The aforementioned Ministerial Order is in effect until June 30, 2020. The Province will work with the Office of the Information and Privacy Commissioner on or before this date to either rescind or renew this Order, depending on where we are with the global health crisis.
For the private sector
Private companies in British Columbia, which include a doctor’s private practice, are obliged to comply with the Personal Information and Protection of Privacy Act, SBC 2003, ch. 63 (“PIPA”).
If you are a private company located outside of British Columbia and in a province or territory that does not have its own substantially similar privacy legislation, or if you are a federally regulated organization, such as a radio and television broadcaster or inter-provincial transport company, the Personal Information Protection and Electronic Documents Act, S.C. 2000, c. 5 (“PIPEDA”) governs your organization.
PIPA and PIPEDA generally require an individual’s consent for the collection, use or disclosure of his or her personal information. However, both PIPA and PIPEDA have relevant statutory exceptions which allow for use or disclosure without consent provided that specific requirements are met. Notwithstanding these exceptions, where possible, informed consent for the collection, use or disclosure of one’s personal information should be obtained.

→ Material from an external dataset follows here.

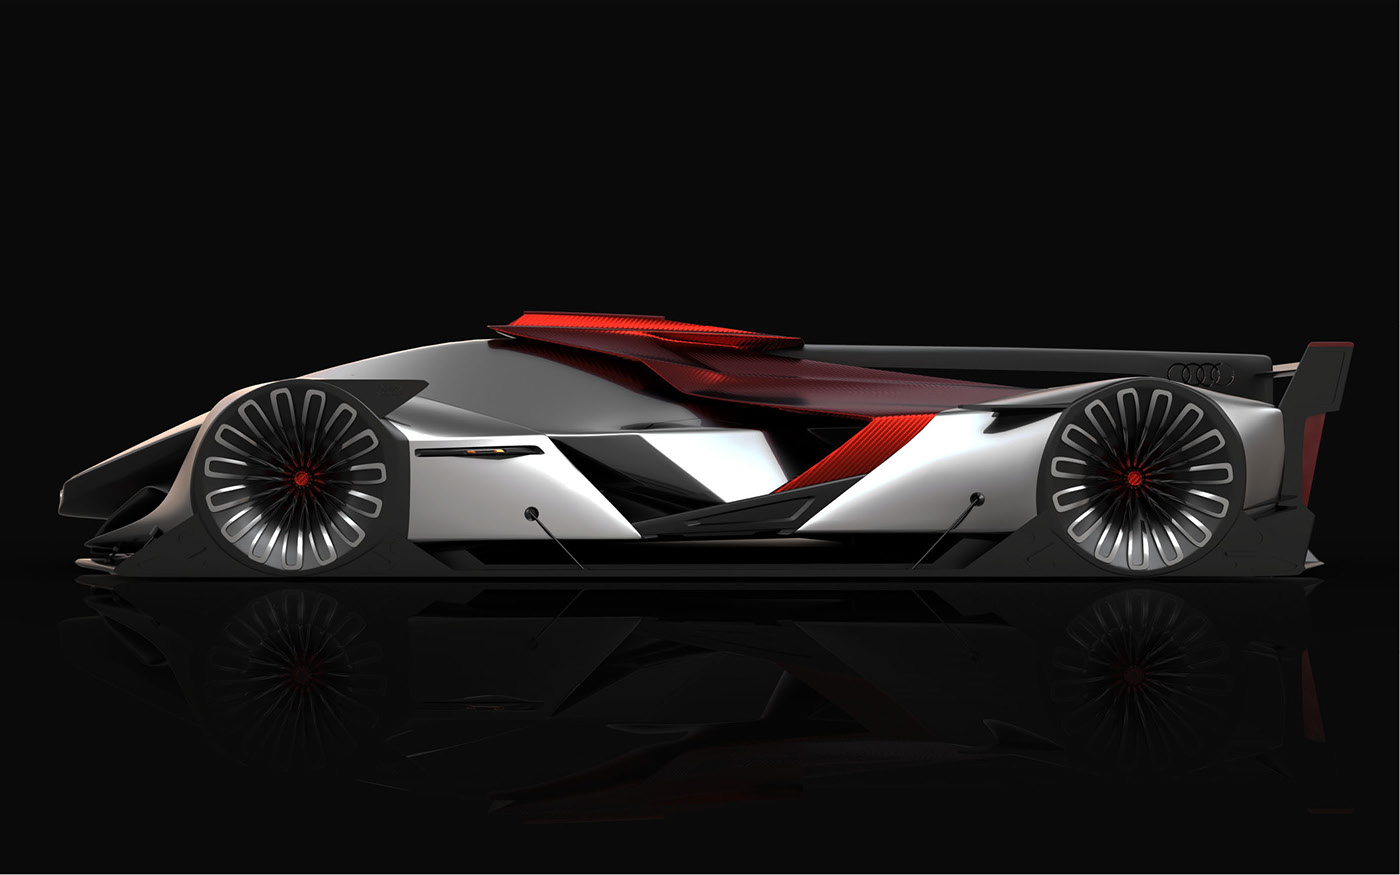 Audi le mans daniel platek car design future vision

A relevant exception in PIPA can be found in section 18(1) which allows for disclosure of personal information without consent of the individual in certain defined circumstances. Subsection (k) sets out a health and safety related exception to the consent requirement. In particular, it provides:
“18(1) Disclosure of Personal Information without consent – An organization may only disclose personal information about an individual without the consent of the individual, if
(k) there are reasonable grounds to believe that compelling circumstances exist that affect the health and safety of any individual and if notice of disclosure is mailed to the last known address of the individual to whom the personal information relates,” [emphasis added].
The above exception allows for “disclosure” under subsection 18(1)(k). The same exception can be found in section 15(1)(i) for the “use” of personal information without consent where the above prerequisites have been met. There is no such exception for the “collection” of personal information upon establishing the above.

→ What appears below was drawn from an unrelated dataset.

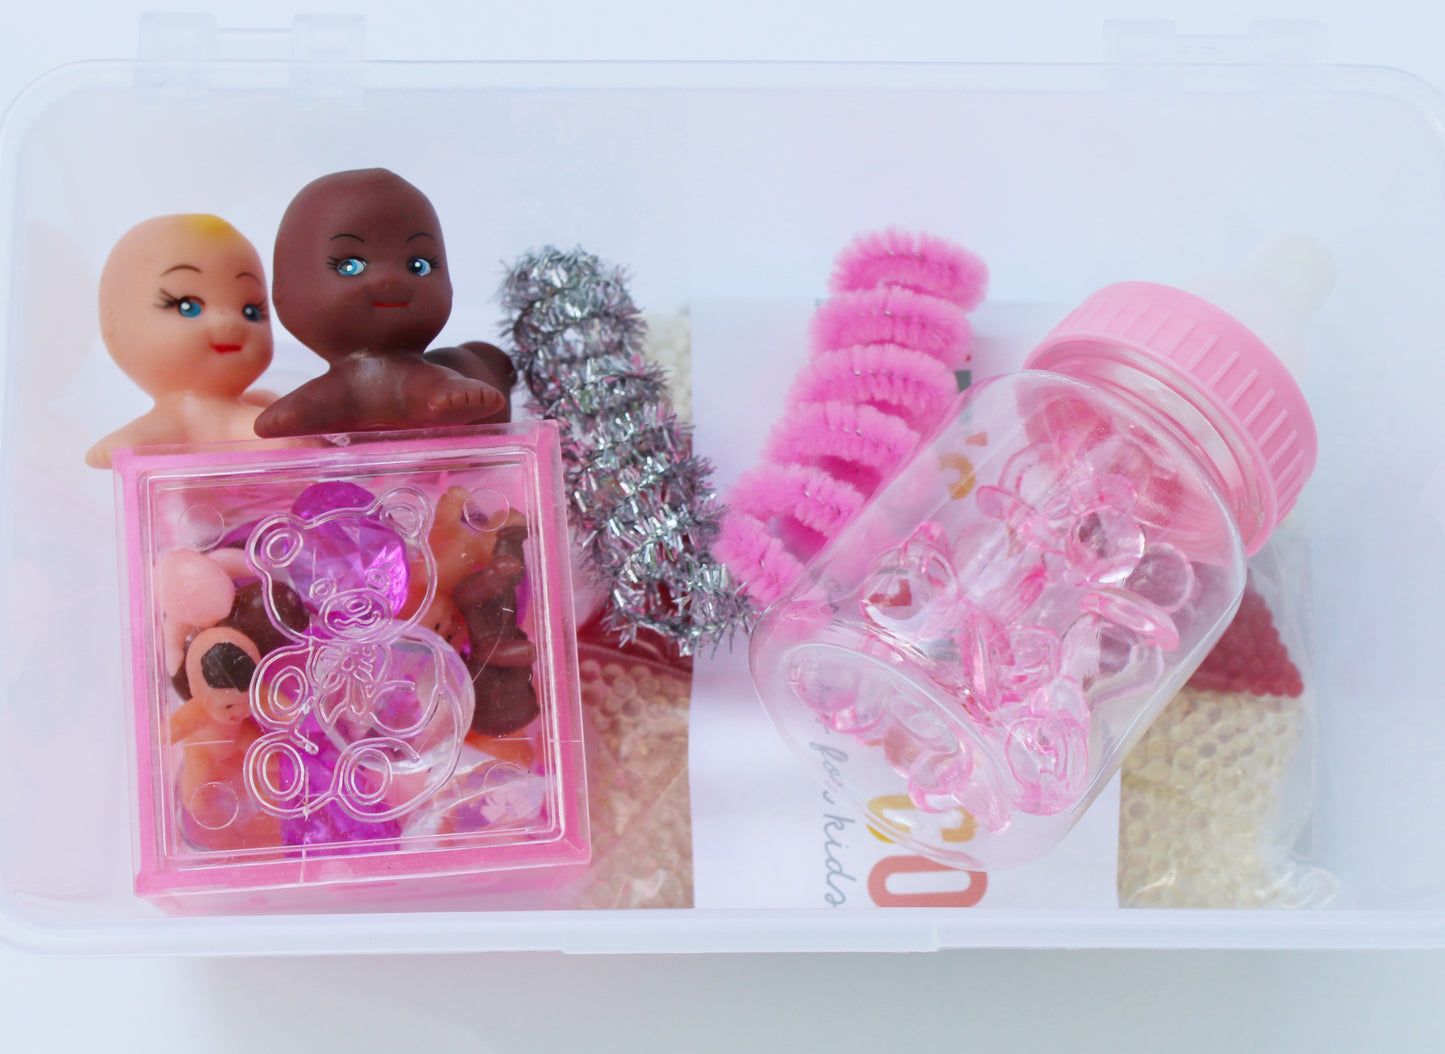 Baby mini kits

The above PIPA exception is more broad than its counterpart under section 7(3)(e) of PIPEDA which addresses disclosure without consent where there is “an emergency which threatens the life, health, or safety of an individual” and if the individual is alive, the individual is to be informed in writing without delay. The broader exception under PIPA also allows for the disclosure and use of the personal information of any individual.
PIPEDA has other potentially applicable exceptions to the consent requirement. It is ideal to obtain legal advice as to when the requirements of the above-mentioned statutory exceptions are met, particularly given the nuances in this area of the law, the quickly changing landscape of this crisis, and the frequency at which the Privacy Commissioner is issuing further guidance documents on these kinds of issues.